Tonight I was craving something savory and warm, even though it’s Spring in the NorthEast it was cold and rainy today 🙁 So I took inventory of my fridge and came up with this delicious dinner!
Whenever I’m exhausted and starving I always default to roasting or sautéing some veggies and piling them on top of some grains. The frozen rice at Trader Joe’s makes life super easy, especially on week nights when you’re too hungry to wait for delivery but too lazy to cook.
I’ve been on a huge mushroom kick lately and this recipe is super simple and really delicious.
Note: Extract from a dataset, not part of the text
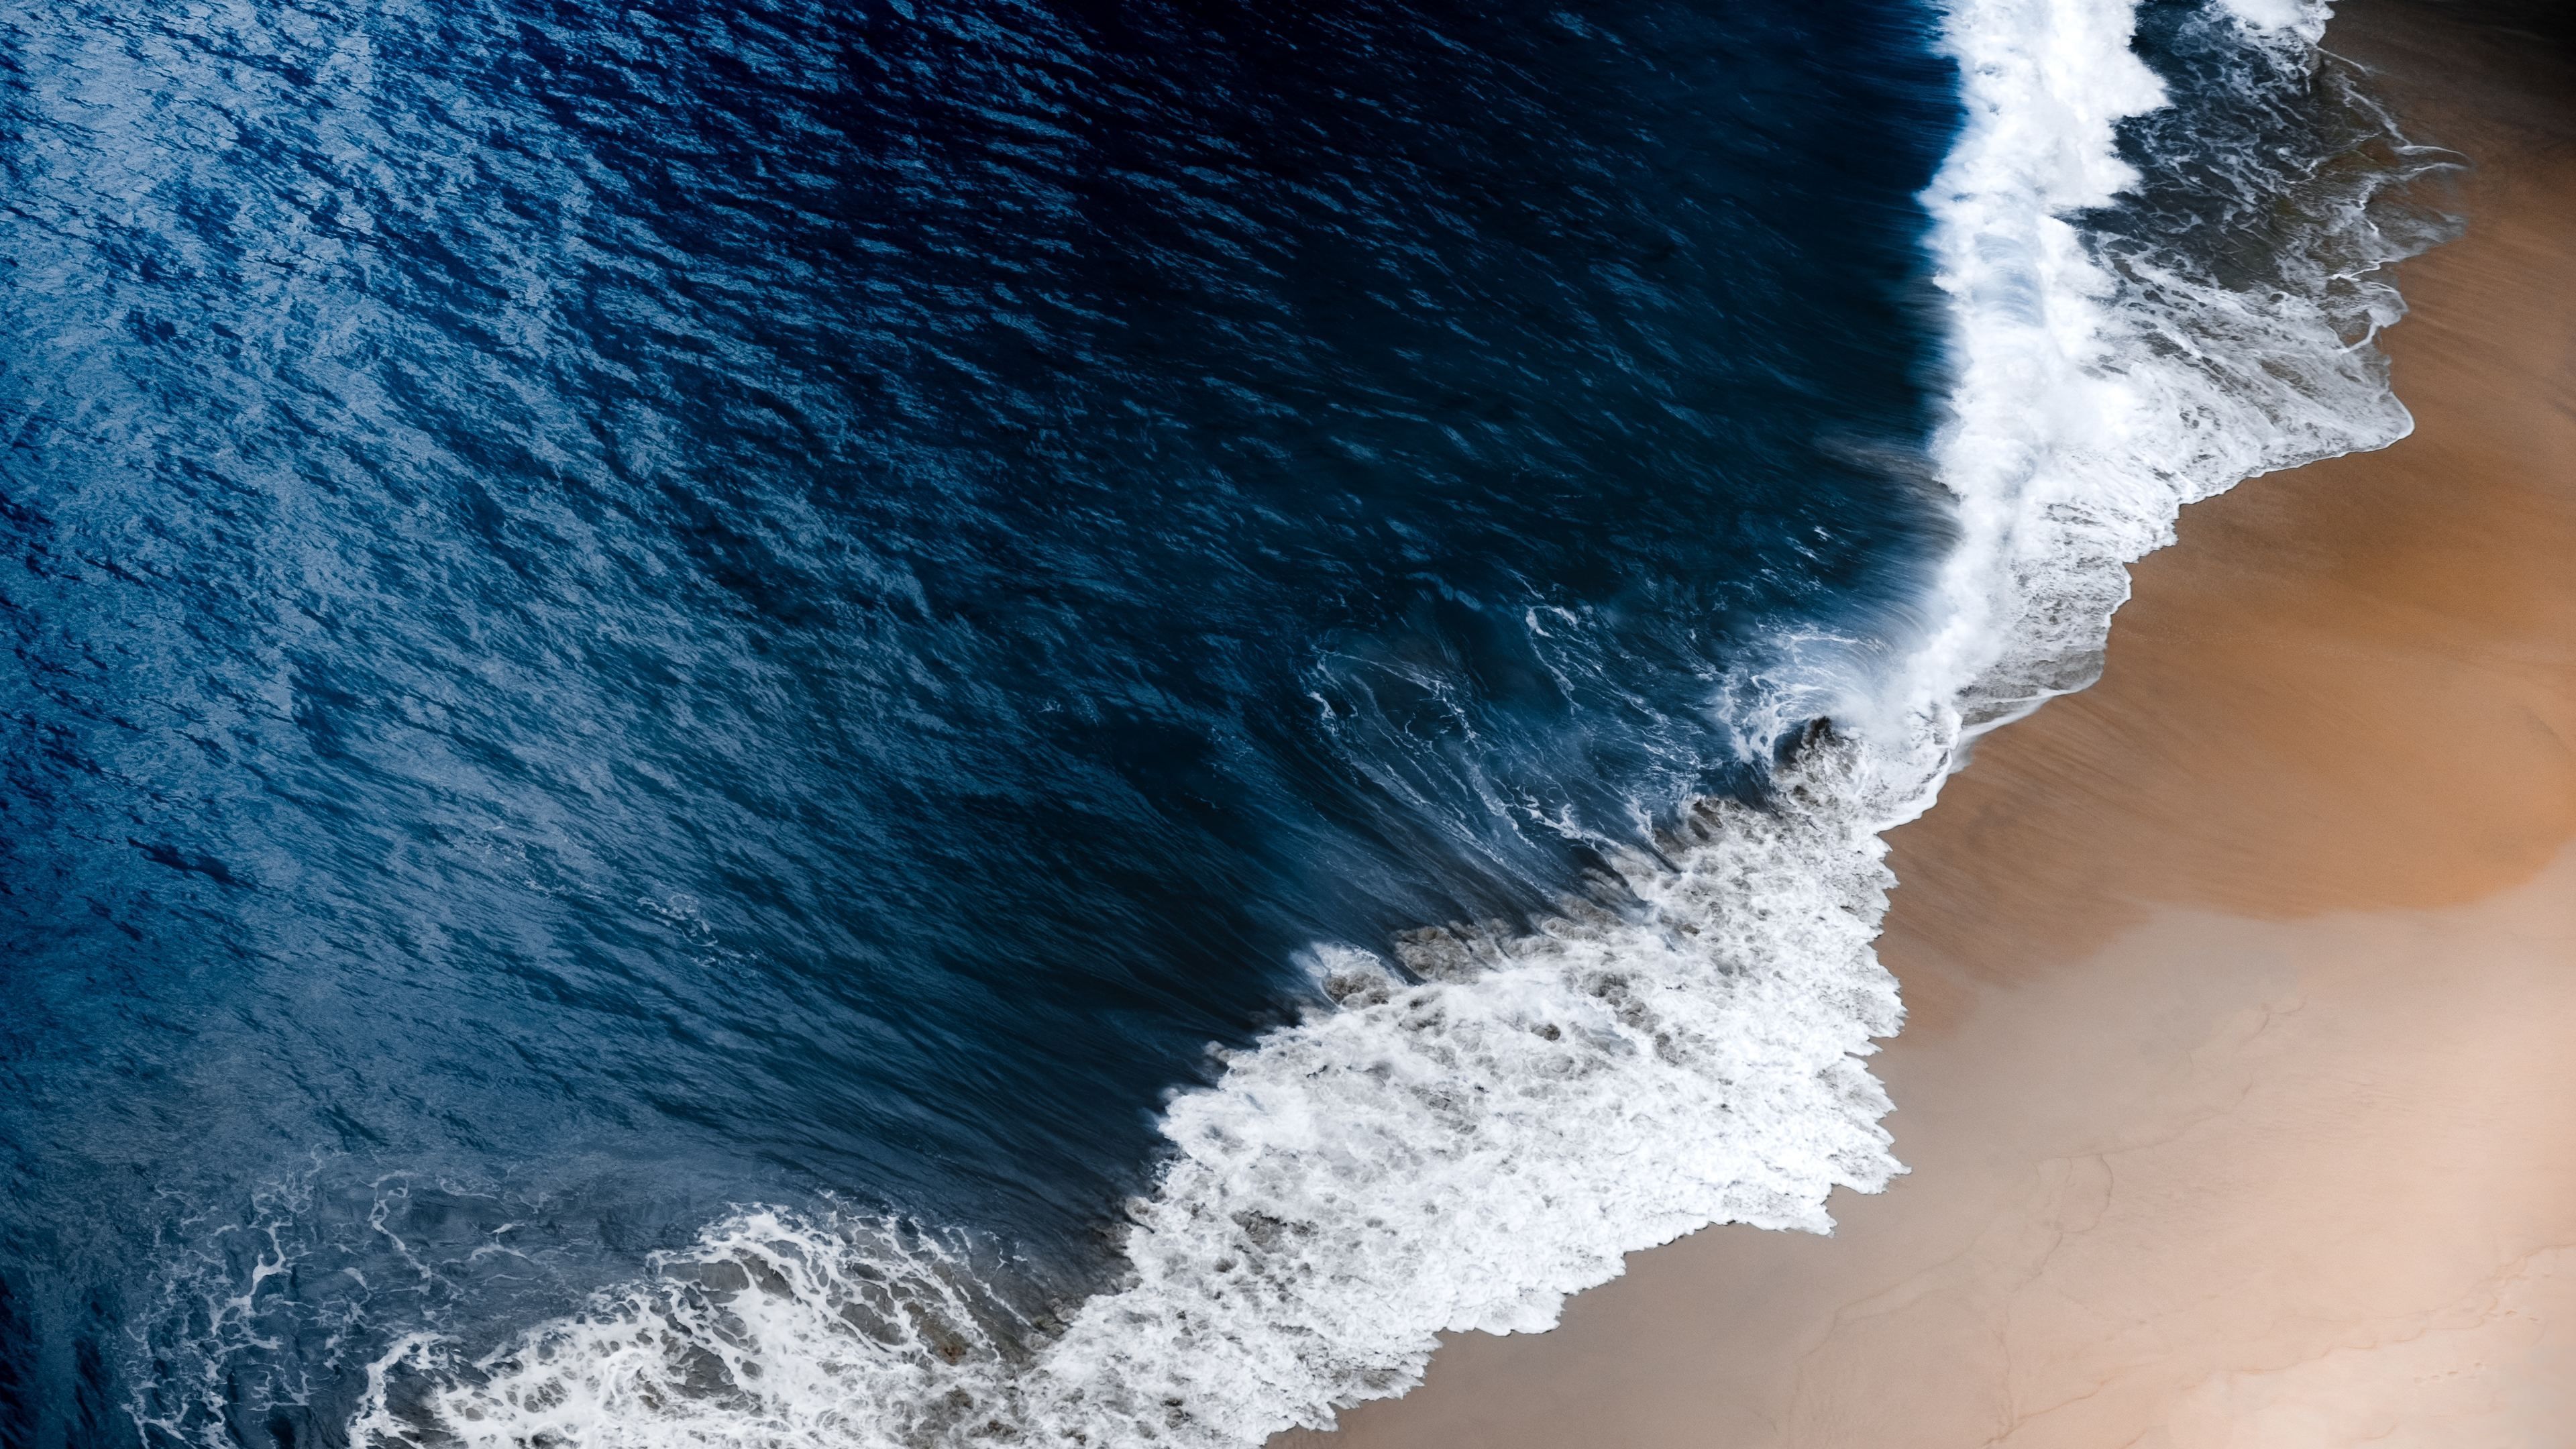 Blue Ocean Waves 4k Waves Wallpaper, Ocean Wallpaper, Nature Wallpaper, Hd Wallpaper, 5k Wallpaper, 4k Wallpa. Waves Photo, Waves Wallpaper, Beach Wallpaper

You just sauté some mushrooms with a ton of fresh garlic, add some wilted spinach, pile it all on top of a mound of quinoa and you have a super satisfying dinner for those chilly nights.
- ½ cup Quinoa, rinsed
- ½ cup Vegetable Broth
- ½ cup Water
- 1 Tablespoon Parsley, chopped
- Splash of Olive Oil
- Salt and Pepper, to taste
- 1-2 Large Shallots (about ½ cup), chopped
- ¼ cup Olive Oil
- 8 oz Mixed Wild Mushrooms (around 2 cups), chopped
- 2 Tablespoons of Avocado Oil
- 1 teaspoon Salt
- 1Tablespoon Garlic (about 3 cloves), minced
- ¼ cup Parsley, chopped
- 2 cups Spinach, roughly chopped
- Crushed Red Pepper (optional)
- Add quinoa, broth, and water to a pot and bring to a boil, cover and reduce to simmer for 15 minutes or until liquid is absorbed
- Remove from heat and add a splash of olive oil, parsley, salt, and pepper and put the lid back on to keep warm
- Heat ¼ cup of olive oil in a heavy bottom dish, like a dutch oven, over medium heart
- Add your chopped shallots and sweat them until translucent, about 5 minutes
- Add mushrooms, avocado oil, and salt to onions and cook until the mushrooms soften and begin to release their juices, about 10 minutes
- Add the minced garlic and cook for another minute
- Turn the heat off and toss in the parsley and spinach, mix until combined and cover to allow the spinach to wilt
- Begin plating the quinoa in a shallow dish and spoon the mushroom mixture on top
- Season with crushed red pepper and enjoy!